Is there a reason you did not remove the {{o.a.c.cql.jdbc}} package from the build?

Great job BTW...
                
      was (Author: ardot):
    Could this solution be enhanced to address the collection types? (List, Set, and Map). This is really awkward to do on the client side. 

{{getType()}} in each class would also be handy when you are passed the AbstractType.

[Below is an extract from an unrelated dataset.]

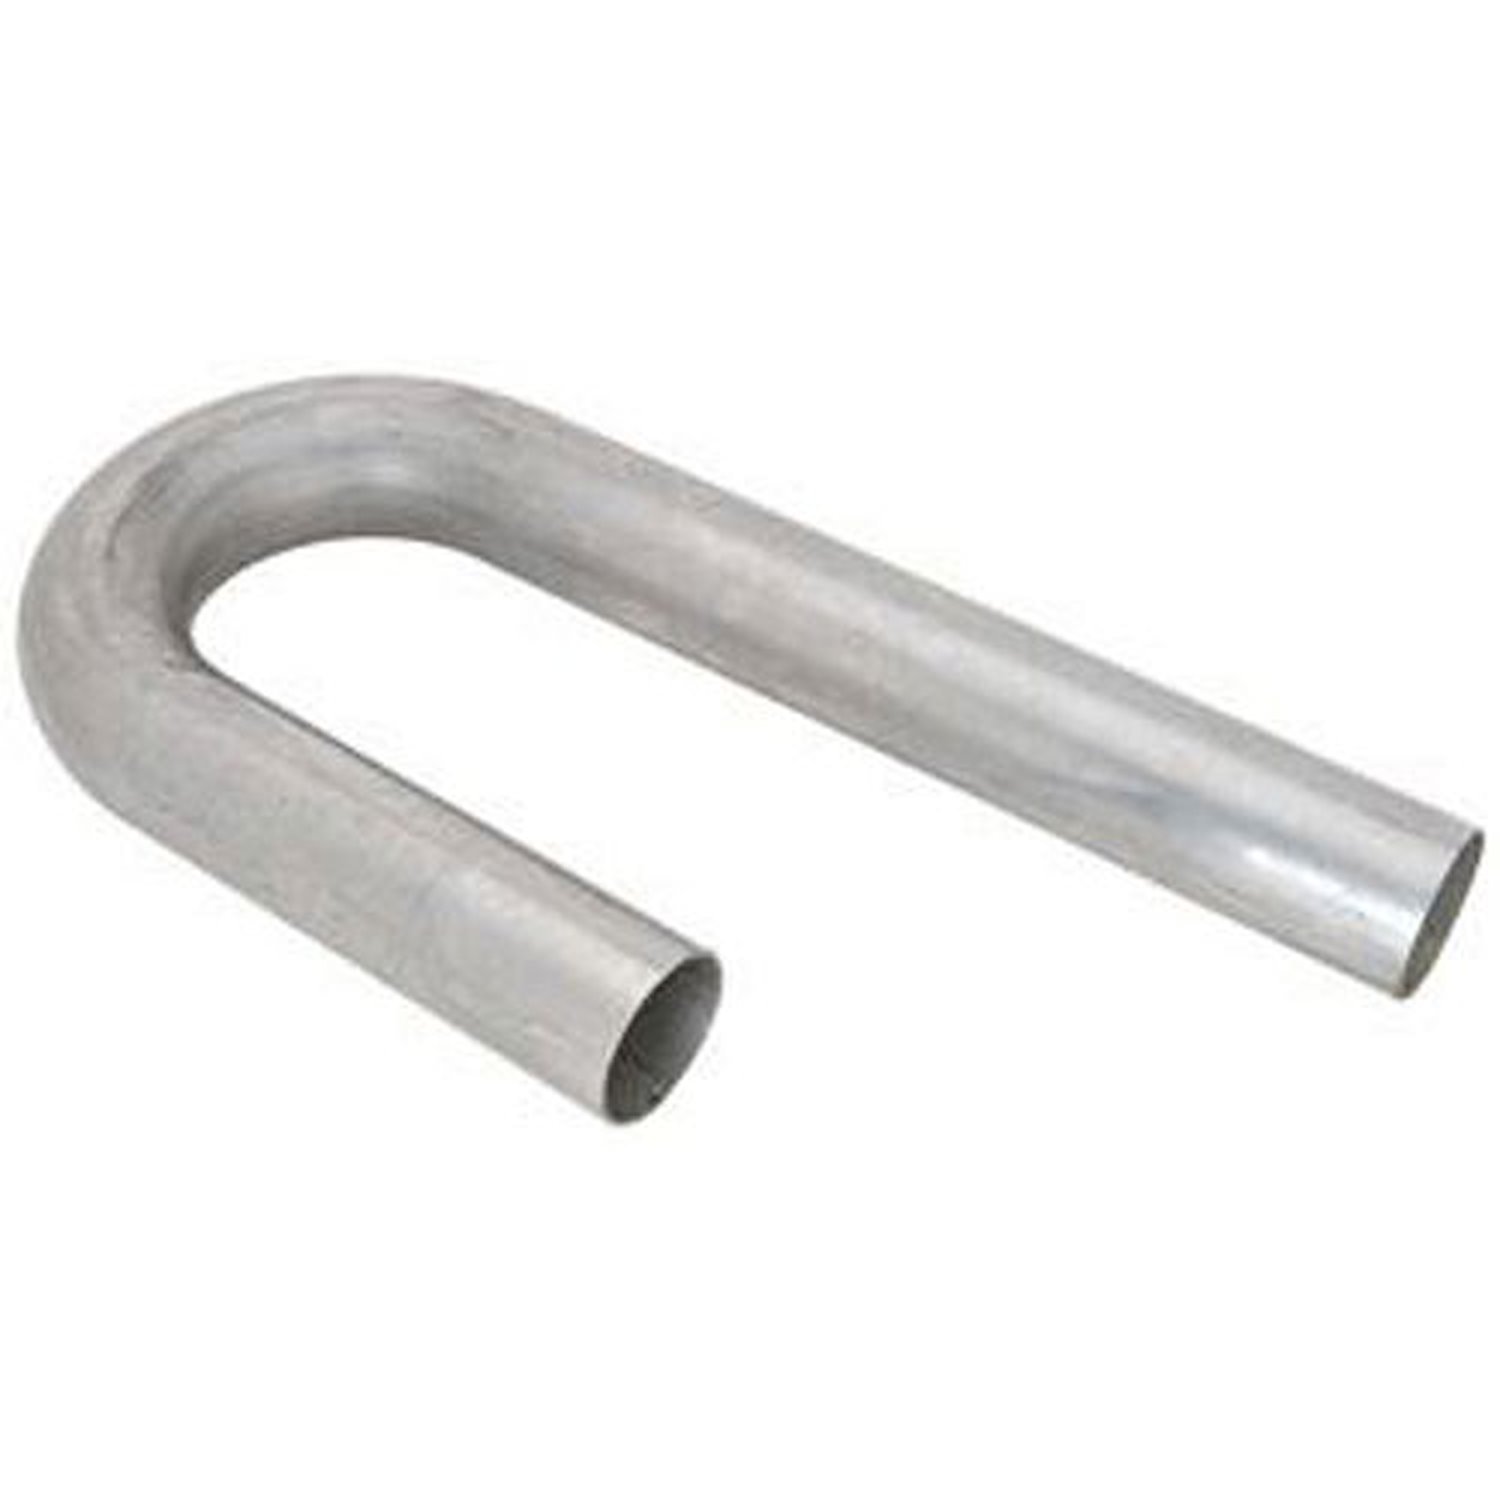 Stainless Steel 3-1/2" J-Bend

Is there a reason you did not remove the {{o.a.c.cql.jdbc}} package from the build?
                  
> Don't tie client side use of AbstractType to JDBC
> -------------------------------------------------
>
>                 Key: CASSANDRA-4495
>                 URL: https://issues.apache.org/jira/browse/CASSANDRA-4495
>             Project: Cassandra
>          Issue Type: Improvement
>            Reporter: Sylvain Lebresne
>            Assignee: Carl Yeksigian
>            Priority: Minor
>             Fix For: 2.0
>
>         Attachments: 4495.patch
>
>
> We currently expose the AbstractType to java clients that want to reuse them though the cql.jdbc.* classes. I think this shouldn't be tied to the JDBC standard. JDBC was make for SQL DB, which Cassandra is not (CQL is not SQL and will never be). Typically, there is a fair amount of the JDBC standard that cannot be implemented with C*, and there is a number of specificity of C* that are not in JDBC (typically the set and maps collections).
> So I propose to extract simple type classes with just a compose and decompose method (but without ties to jdbc, which would allow all the jdbc specific method those types have) in the purpose of exporting that in a separate jar for clients (we could put that in a org.apache.cassandra.type package for instance). We could then deprecate the jdbc classes with basically the same schedule than CQL2.
> Let me note that this is *not* saying there shouldn't be a JDBC driver for Cassandra.